EXERCISE DESCRIPTION:
In the entries that follow, the line with "balloon PNG image" opens the range and the line with "Ollie Arnes Curvy" closes it; repeat that range exactly, both lines included.

Segment Start: PROVIDED MATERIAL

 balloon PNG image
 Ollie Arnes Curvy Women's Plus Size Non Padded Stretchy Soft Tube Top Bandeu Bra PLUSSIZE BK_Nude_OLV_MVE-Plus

Segment End: PROVIDED MATERIAL
Segment Start: PROVIDED MATERIAL

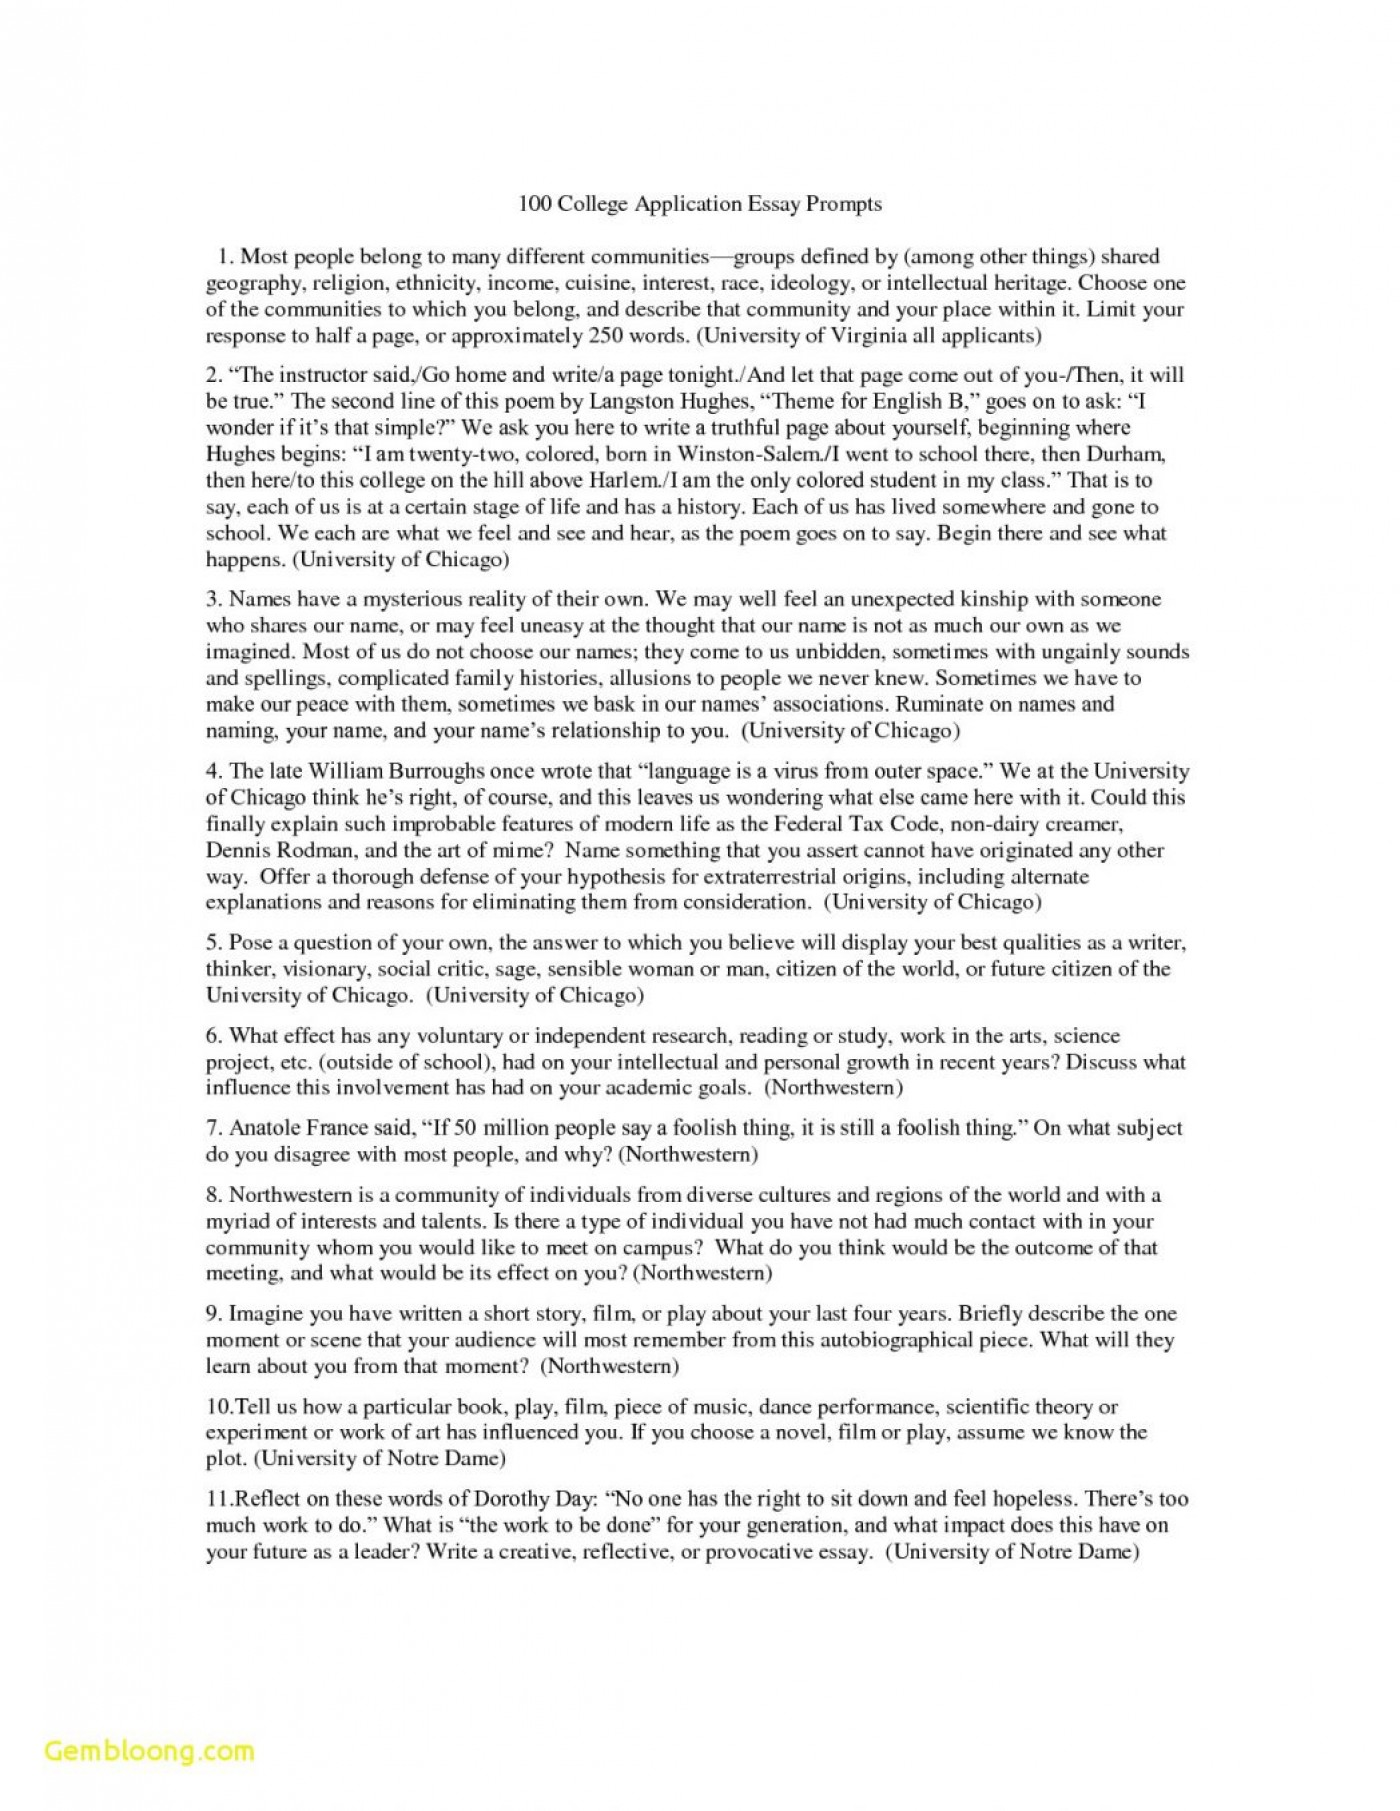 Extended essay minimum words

Segment End: PROVIDED MATERIAL
Segment Start: PROVIDED MATERIAL

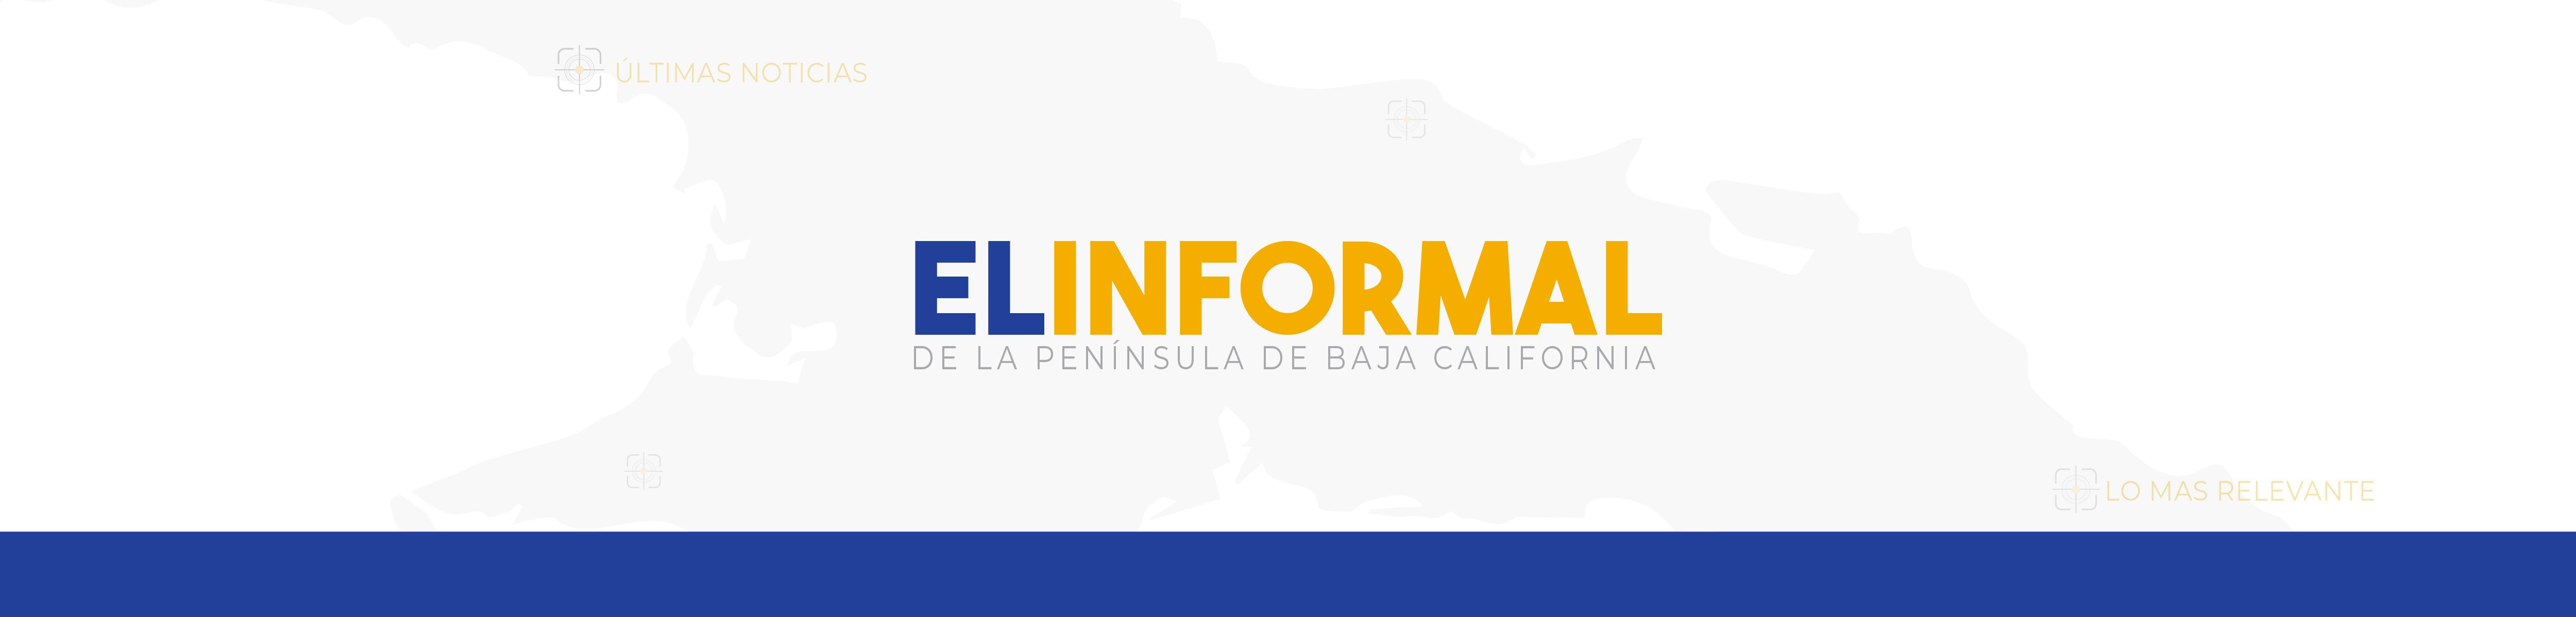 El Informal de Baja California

Segment End: PROVIDED MATERIAL

OUTPUT OF THE TASK:
 balloon PNG image
 Ollie Arnes Curvy Women's Plus Size Non Padded Stretchy Soft Tube Top Bandeu Bra PLUSSIZE BK_Nude_OLV_MVE-Plus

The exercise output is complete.